● **Data provided**:
•••
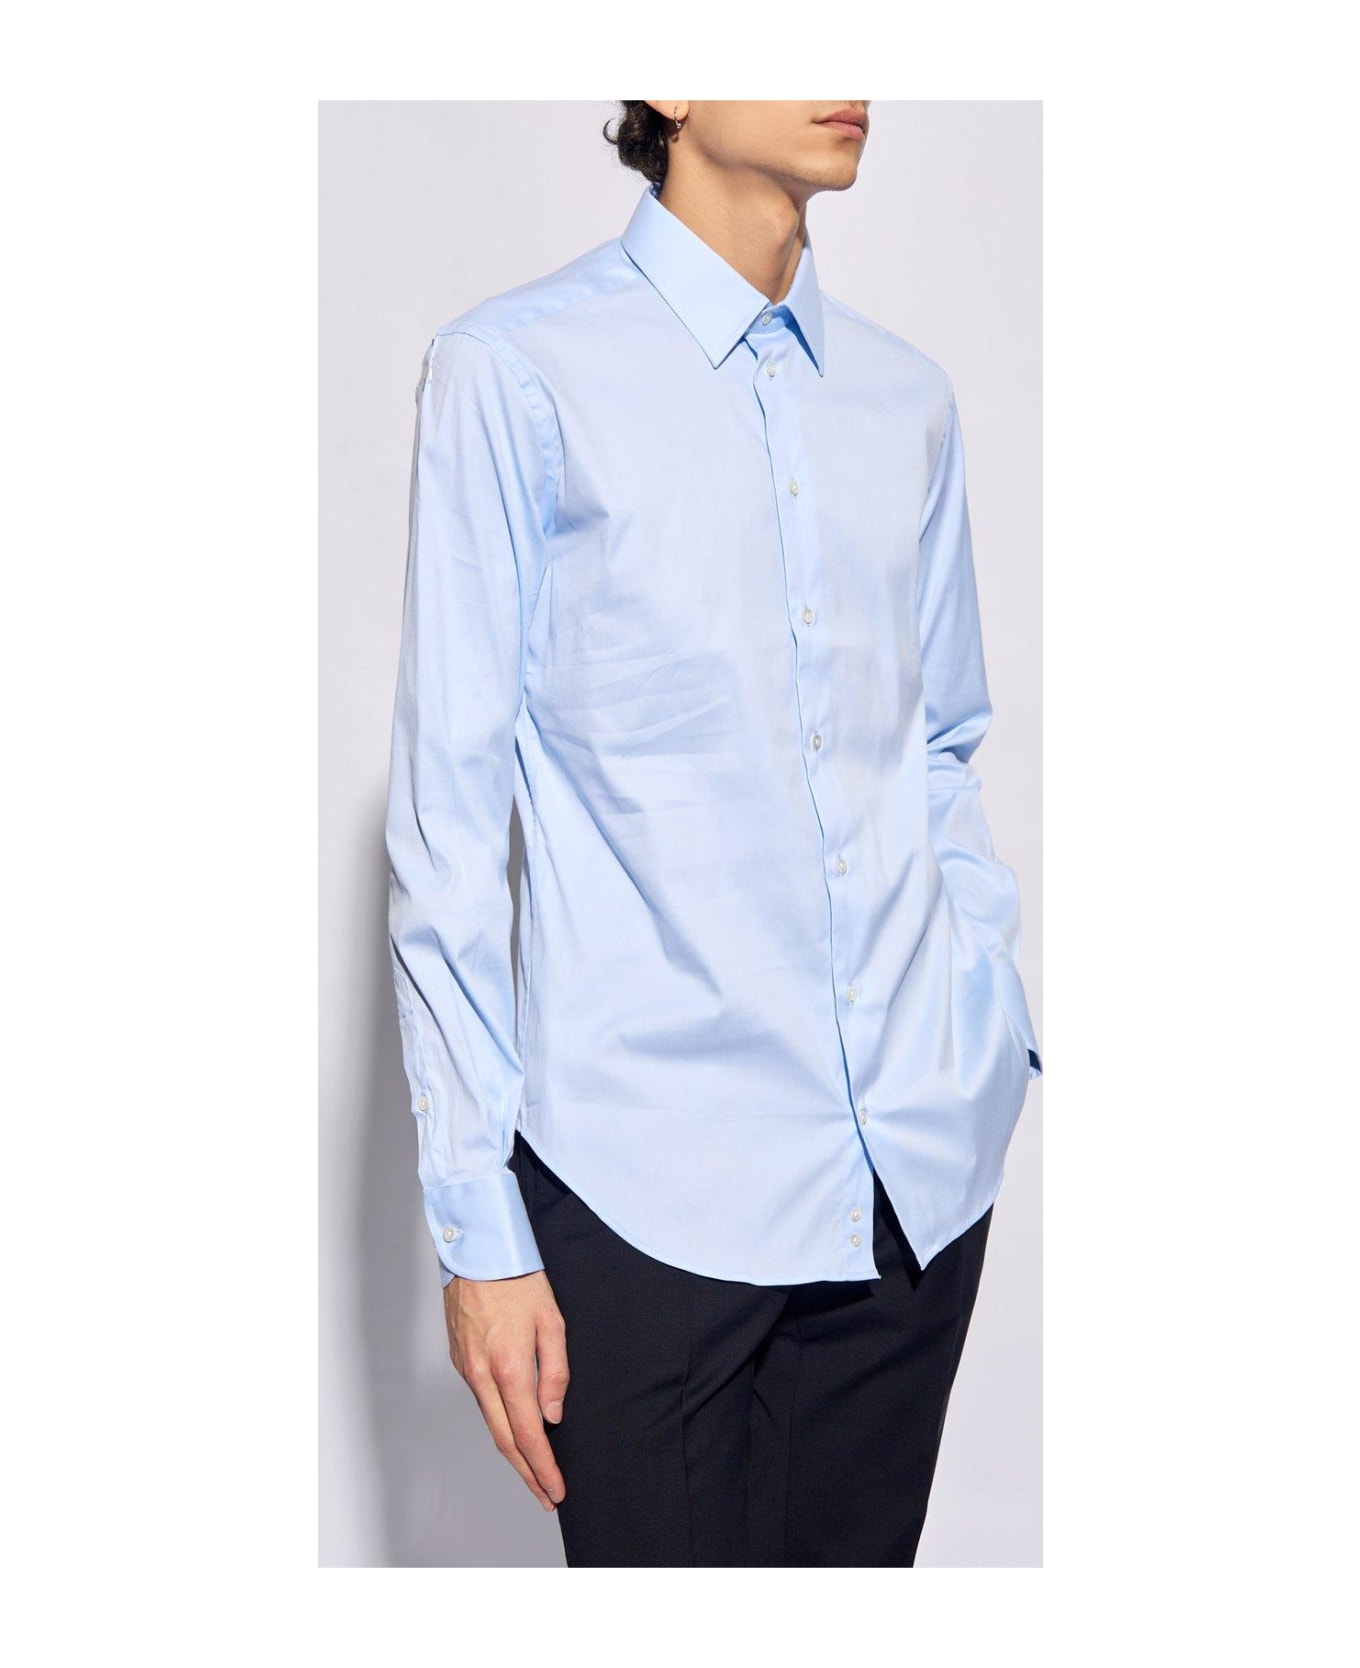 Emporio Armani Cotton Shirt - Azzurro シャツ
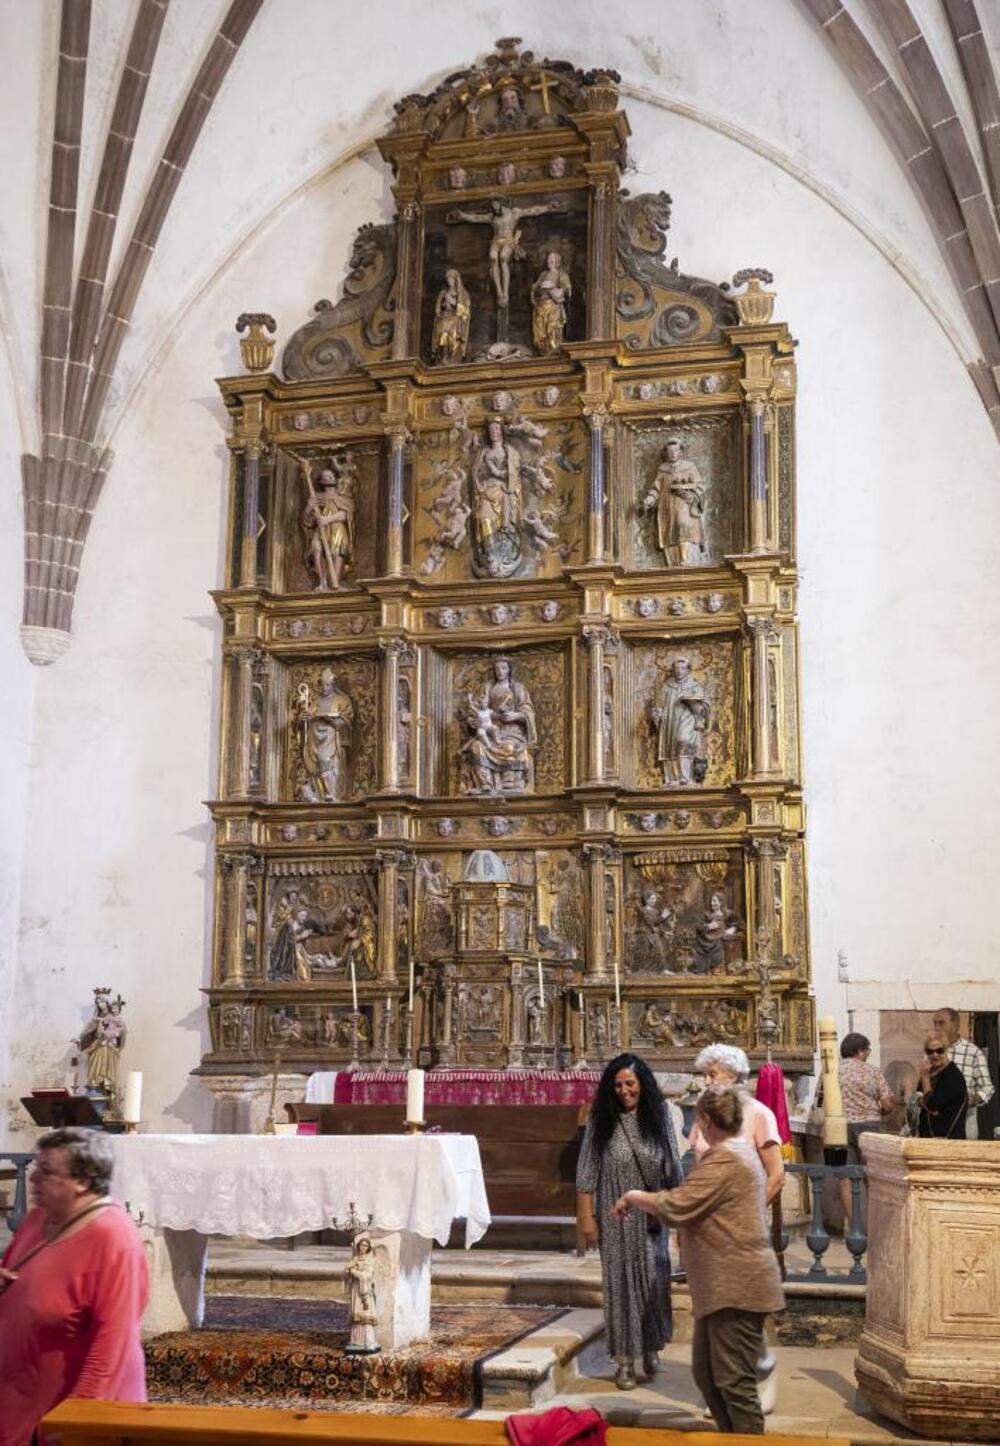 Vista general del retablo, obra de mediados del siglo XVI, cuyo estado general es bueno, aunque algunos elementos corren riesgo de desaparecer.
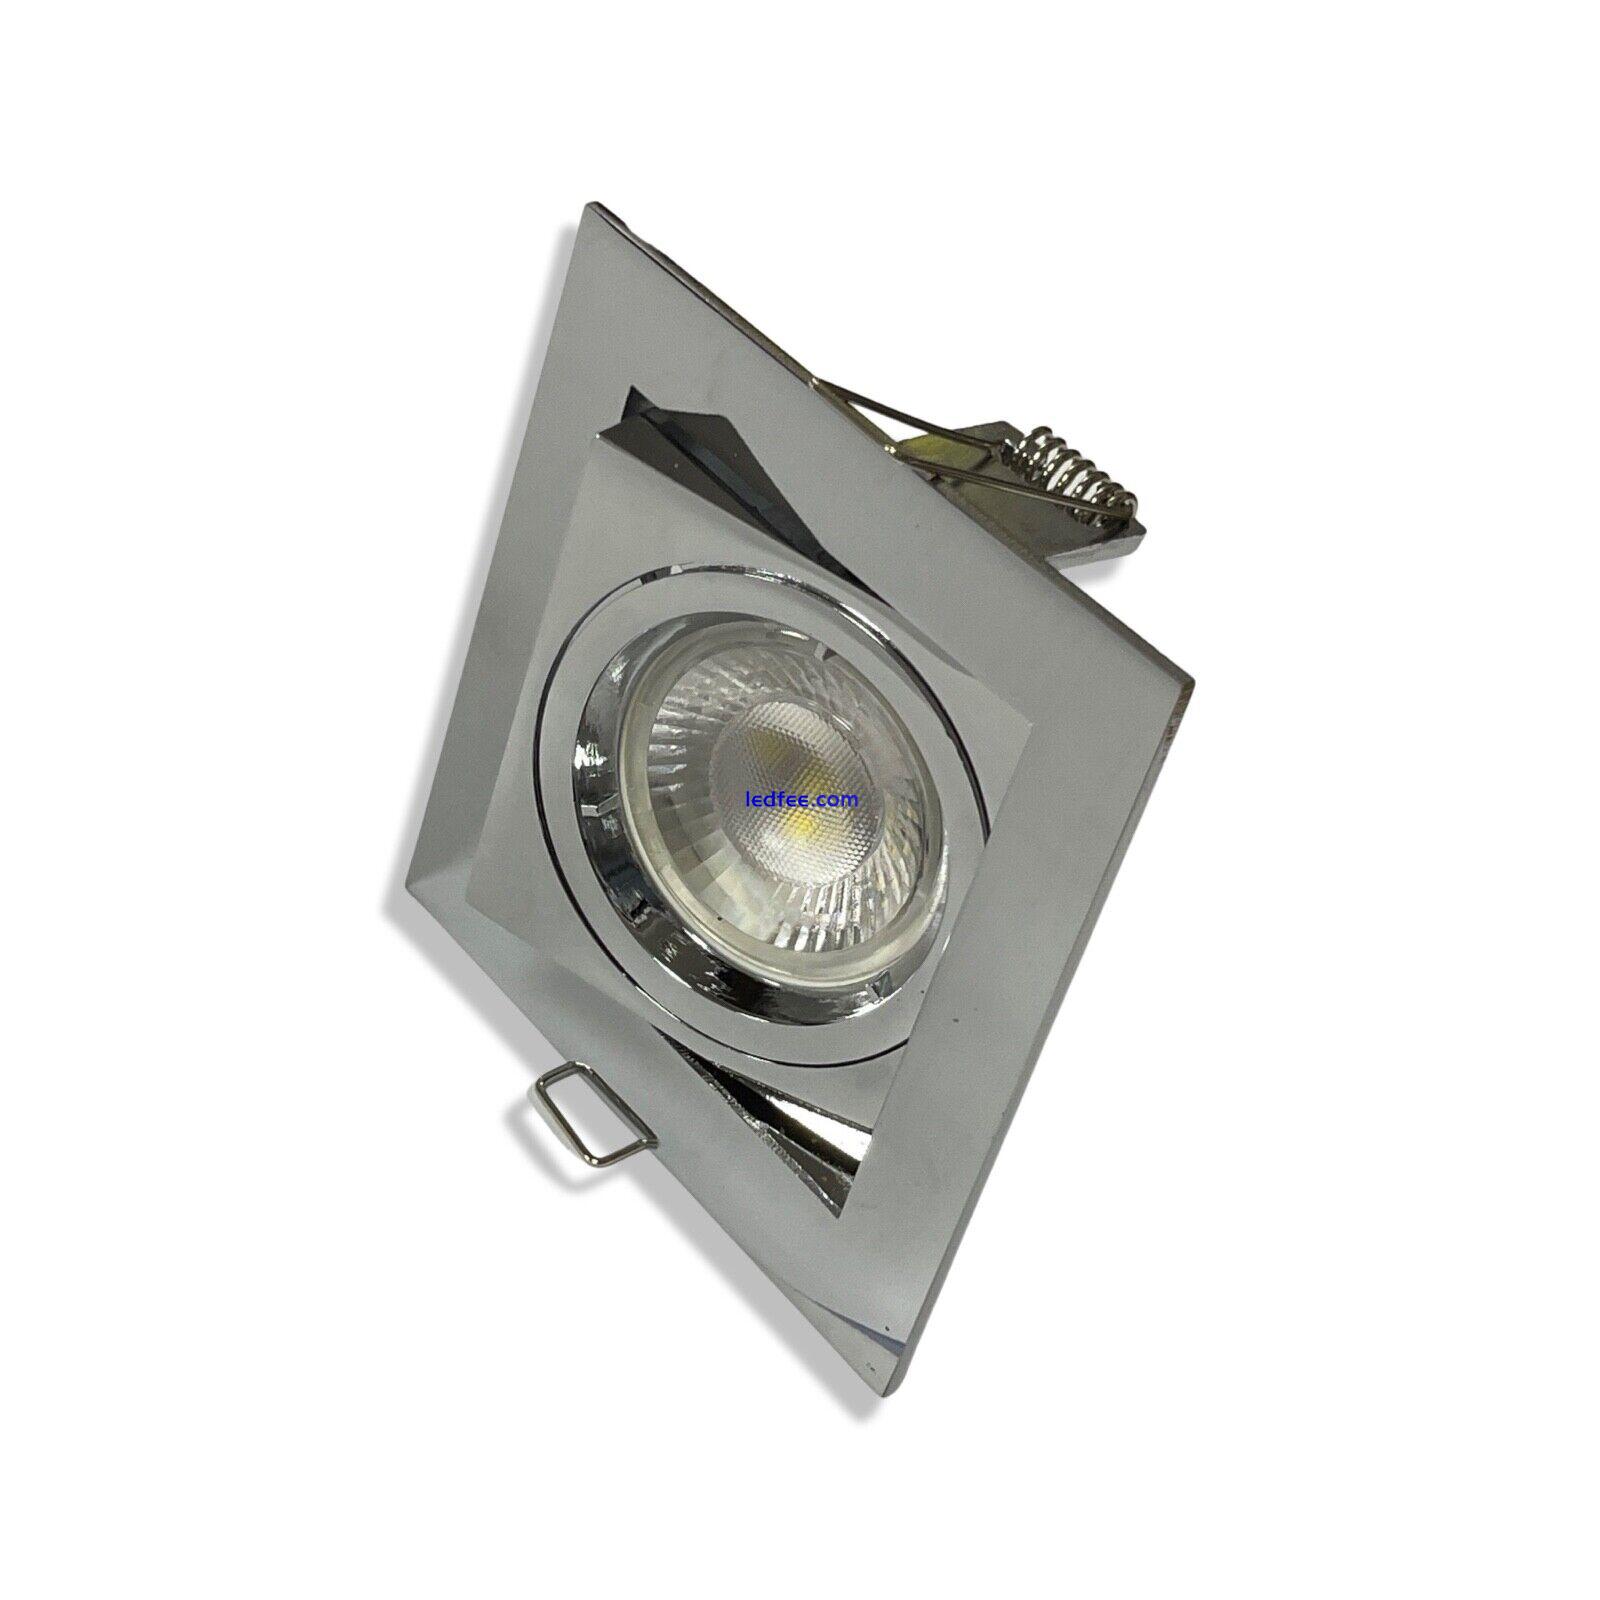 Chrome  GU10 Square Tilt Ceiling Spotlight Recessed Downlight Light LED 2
•••
● **What to work on**: Please retype the listing exactly, leaving out any images.

● **Response area**:
 Emporio Armani Cotton Shirt - Azzurro シャツ
 Vista general del retablo, obra de mediados del siglo XVI, cuyo estado general es bueno, aunque algunos elementos corren riesgo de desaparecer.
 Chrome  GU10 Square Tilt Ceiling Spotlight Recessed Downlight Light LED 2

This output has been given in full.